Getting started

Problem set 1

1. Rank of matrix A

# According to the lecture,the rank of a matrix refers to the number of its pivots, i.e., the number of linearly rows (or columns) it contains.
# However, to accurately determine a matrix rank, one needs to first calculate its determinant.
# Henceforth, for matrix A, if the determinant is non zero, the rank will be 4 as all its 4 rows are linearly independent. If the determinant is zero we will know that the matrix is not invertible.

# Defining the matrix
mat <- matrix(c(1, 2, 3, 4, 
                -1, 0, 1, 3, 
                 0, 1, -2, 1, 
                 5, 4, -2, -3), nrow = 4, byrow = TRUE)

# Calculating the determinant
determinant_mat <- det(mat)

cat("Determinant of the matrix:", determinant_mat, "\n")
## Determinant of the matrix: -9
# Calculating the rank using qr decomposition
rank_mat <- qr(mat)$rank


cat("Rank of the matrix:", rank_mat, "\n")
## Rank of the matrix: 4

2. Finding the maximum and the minimum rank of a non - zero mxn matrix

# The maximum rank of a non-zero mxn matrix cannot exceed the number of columns in the matrix and the minimum rank of such a matrix must be at least one linearly independent row or column and cannot be zero.

# Theoretically, we should get the following results: Maximum Rank = (n) and Minimum Rank = (1)

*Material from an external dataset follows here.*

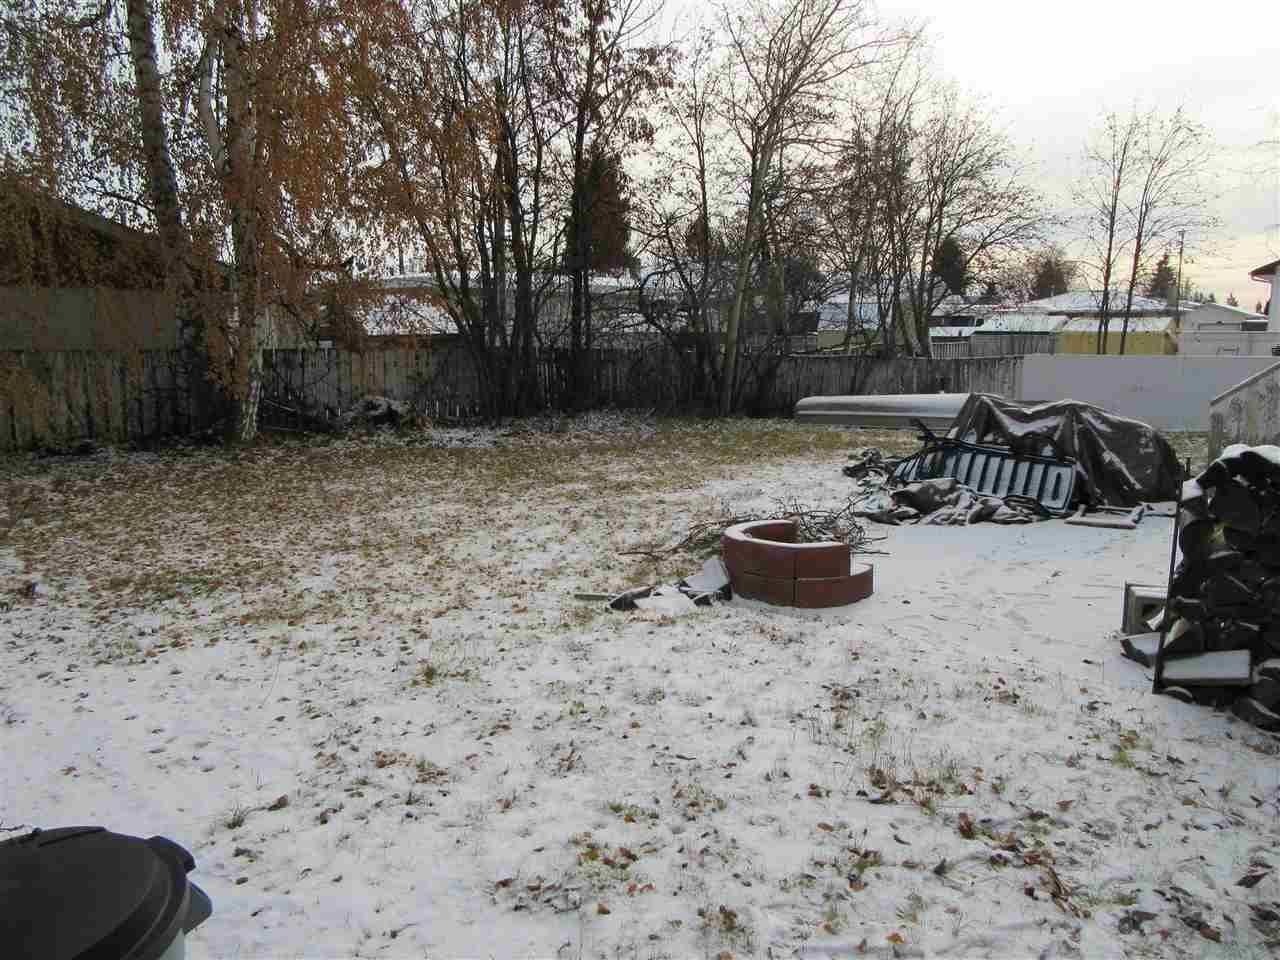 Photo 17: Photos: 522 RADCLIFFE Drive: Quinson House for sale (PG City West (Zone 71))  : MLS®# R2433646

# Setting seed for reproducibility
set.seed(127)

# Defining matrix dimensions
m <- 5
n <- 3

# Generating a random matrix
mat <- matrix(rnorm(m * n), nrow = m)

# Printing the original matrix
cat("Original Matrix:\n", mat, "\n\n")
## Original Matrix:
##  -0.5677337 -0.8147606 -0.4939396 0.001818846 0.8197849 0.9967579 0.7517822 -0.1255472 0.5646199 0.1335086 -0.1059632 0.6059296 0.01325097 -0.2787887 -0.1356745
# Step 1: Calculating the rank
rank_mat <- qr(mat)$rank
cat("Rank of the matrix:", rank_mat, "\n")
## Rank of the matrix: 3
# Step 2: Calculating the maximum rank (minimum of the two dimensions)
max_rank <- min(m, n)
cat("Maximum Rank of the matrix:", max_rank, "\n")
## Maximum Rank of the matrix: 3
# Step 3: Calculating the minimum rank (assuming the matrix is non-zero)
min_rank <- ifelse(any(mat != 0), 1, 0)
cat("Minimum Rank of the matrix:", min_rank, "\n")
## Minimum Rank of the matrix: 1

3. Rank of matrix B

# The rank of a matrix refers to the number of linearly independent rows (or columns) it contains. Matrix B is a 3*3 matrix with 3 rows and 3 columns. We will first need to find its determinant to then calculate its rank.



# Defining the matrix
mat <- matrix(c(1, 2, 1, 3, 6, 3, 2, 4, 2), nrow = 3, byrow = TRUE)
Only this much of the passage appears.